入店した時から、「ちょっとした田舎の食料品店のお菓子売り場っぽいな。」と思っていたけど、あれはそういう事だったんだ。
「こっちの棚から選んでもいいんだけど、私としては向こうをオススメしたい所だね!」
そう言うが早いか、京花ちゃんは私の手首を掴むと、満員電車の中で痴漢にやるように、グイッと引っ張ったんだ。
「ふへっ?」
素っ頓狂な声を私が上げても、京花ちゃんはまるで意に介さない。
「ついてきてよ、千里ちゃん!」
屈託のない無邪気な笑顔を浮かべながら、ただ前進あるのみ。
やがて、いかにも待ちきれなさそうに駆け出し始めたんだ。
「えっ…!?あっ、おおっと!」
京花ちゃんに左手を取られた私は、店の奥に繋がる細い通路へと、転倒寸前の危なっかしいステップを踏みながら引きずられていくのだった。

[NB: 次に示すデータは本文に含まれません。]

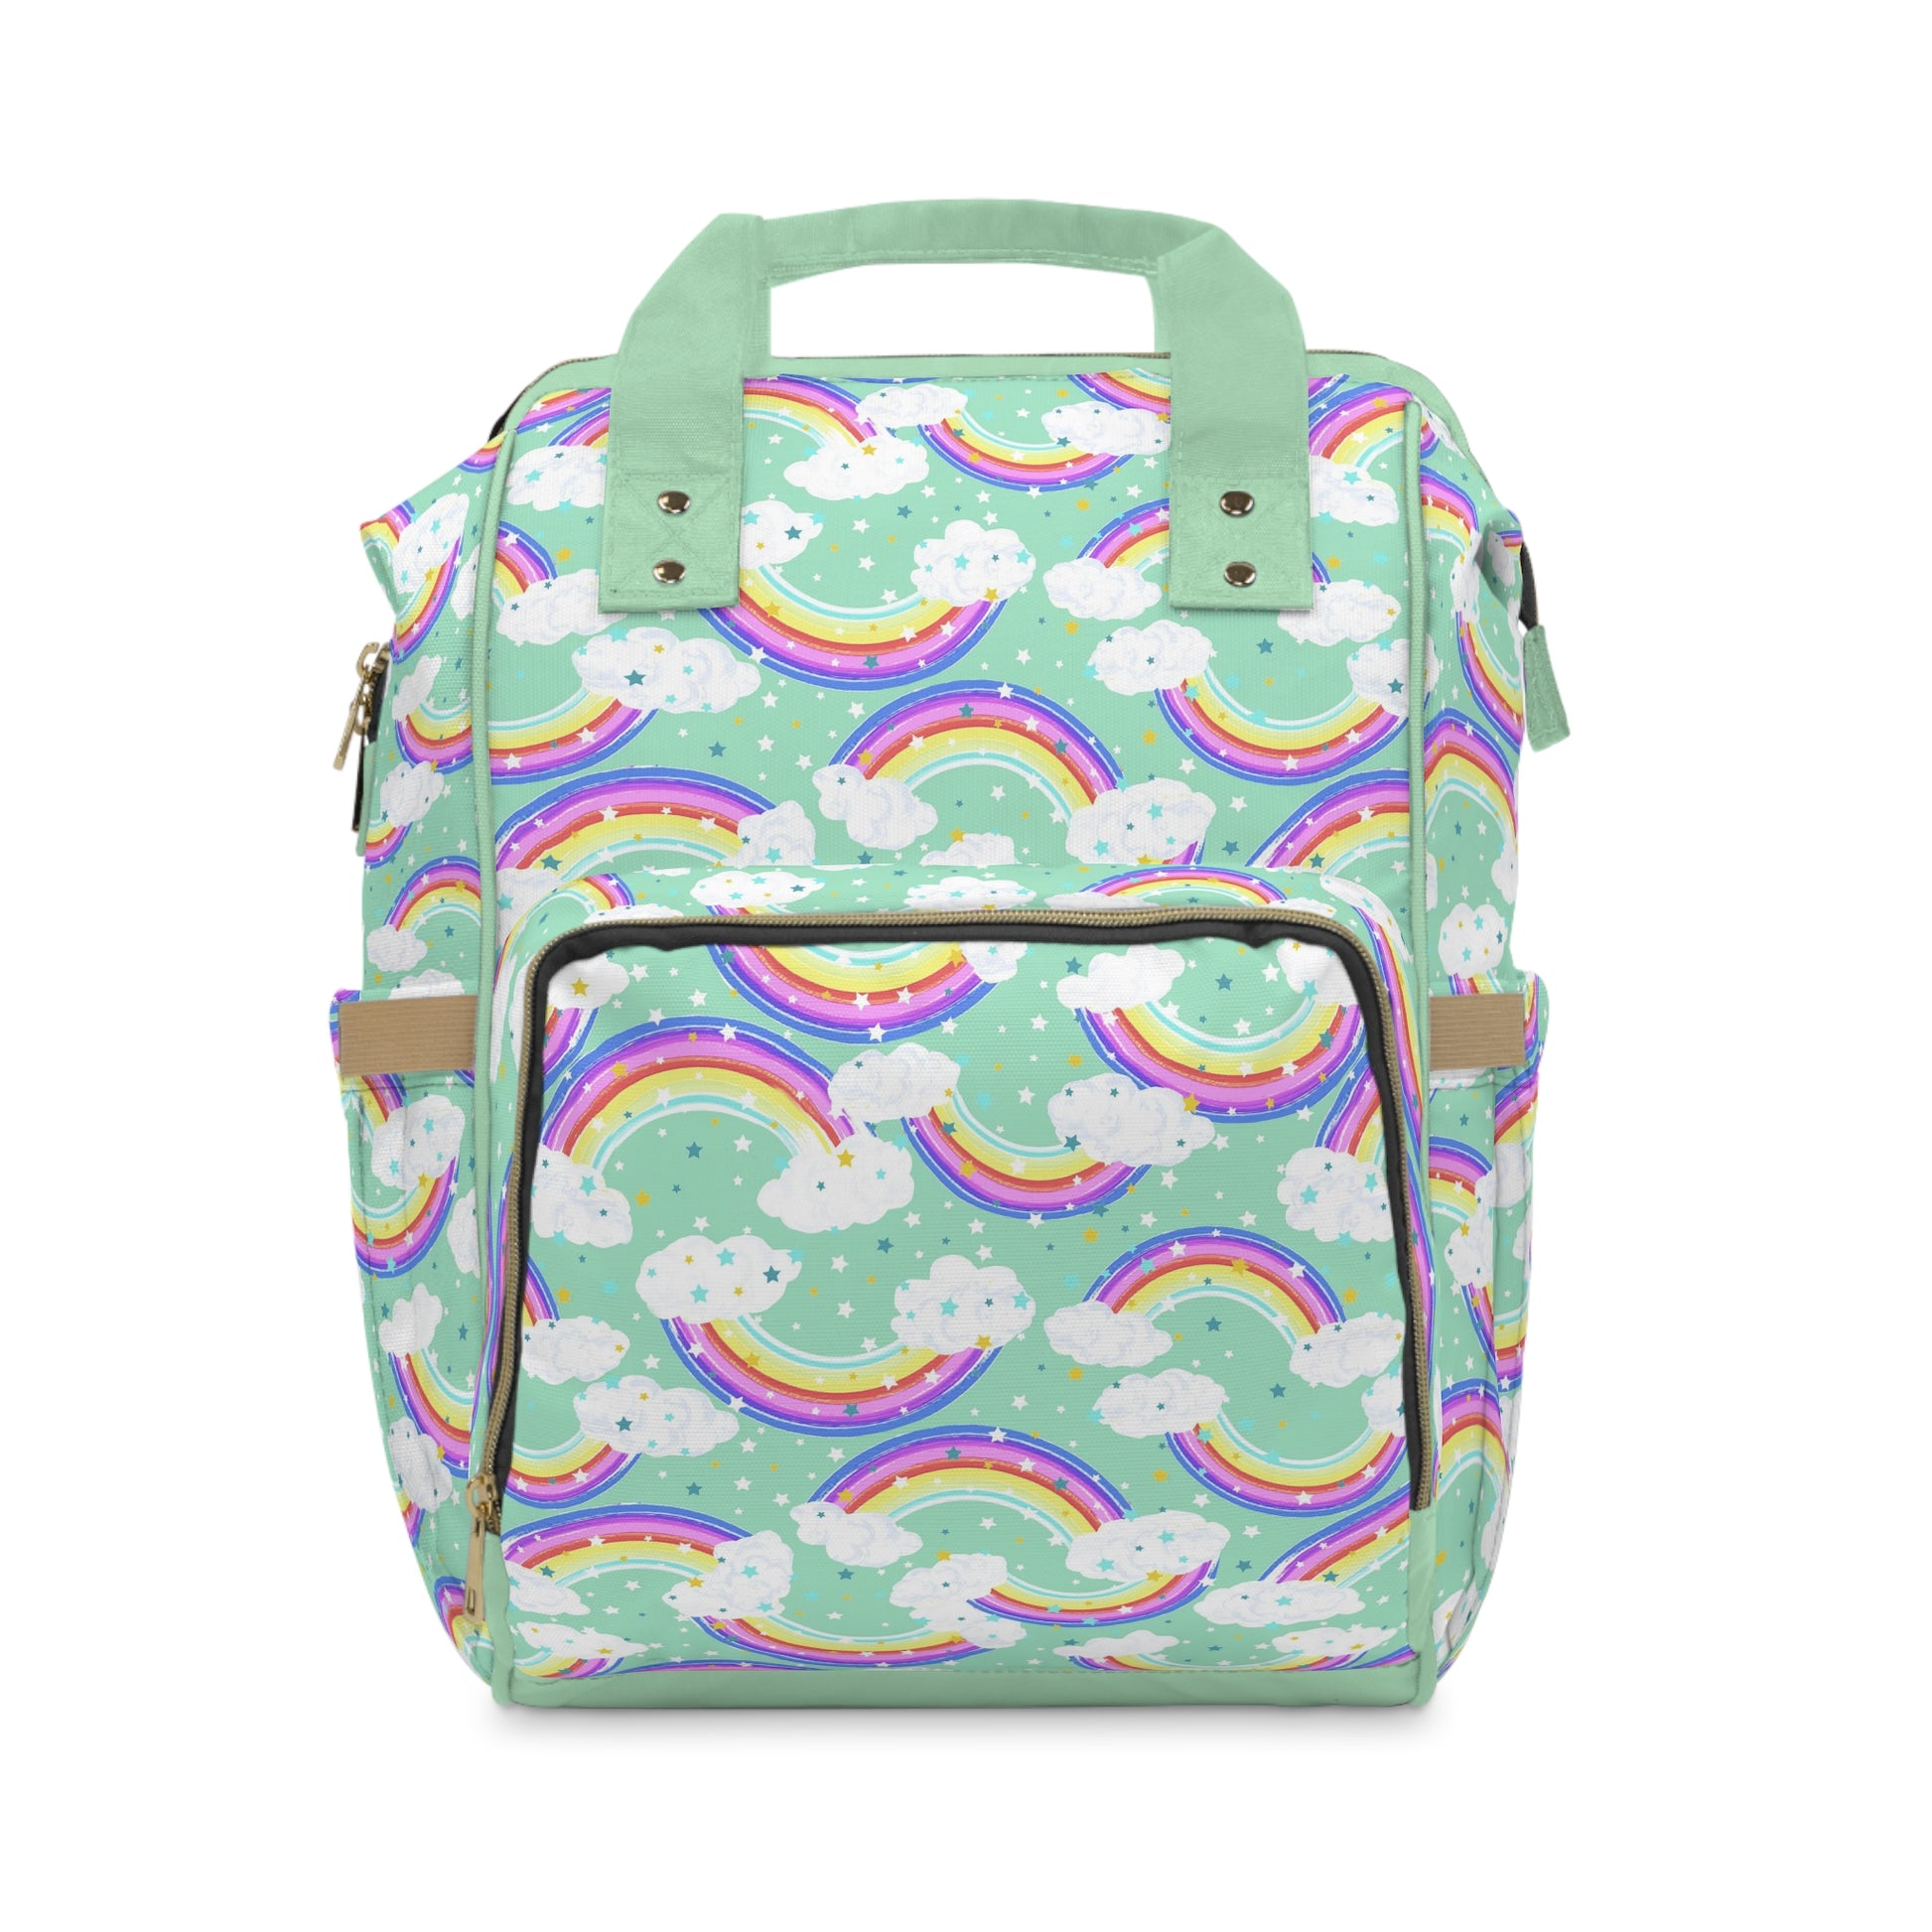 Unique green rainbow-themed baby changing backpack for stylish and practical parenting

「あっ…ああ…!おっ、お待ちください!京花さん!ちさっ、千里さん!」
そんな私の背中を、すっかり狼狽えてしまった表情を浮かべた英里奈ちゃんが、吃音混じりの声を上げながらオロオロと追いかけていく。
そう言えば、つつじ祭の初日にも似たような事があったっけ…
「全く…お京と来たら、しょうがない奴だな…」
腰に手を添え、クールな美貌には呆れ返ったような表情を浮かべて、私達3人の過ぎていった通路の先を見つめるマリナちゃん。
「でも、元気があって、明るく良い子達じゃないですか。お好きなんでしょ、あの子達の事が?」
そんなマリナちゃんに問い掛ける女性スタッフの顔には、明るい微笑が浮かんでいた。
「ええ、それは勿論です。3人とも、私の親友ですから。」
キリッと引き締まった笑顔と、折り目正しく整った会釈。
両者の醸し出す凛々しくも颯爽とした印象を残し、大型拳銃を得物に選んだ特命遊撃士は、背筋の伸びた美しい姿勢と軽やかな足取りを保ったままで、店の奥に繋がる細い通路を突き抜けるのだった。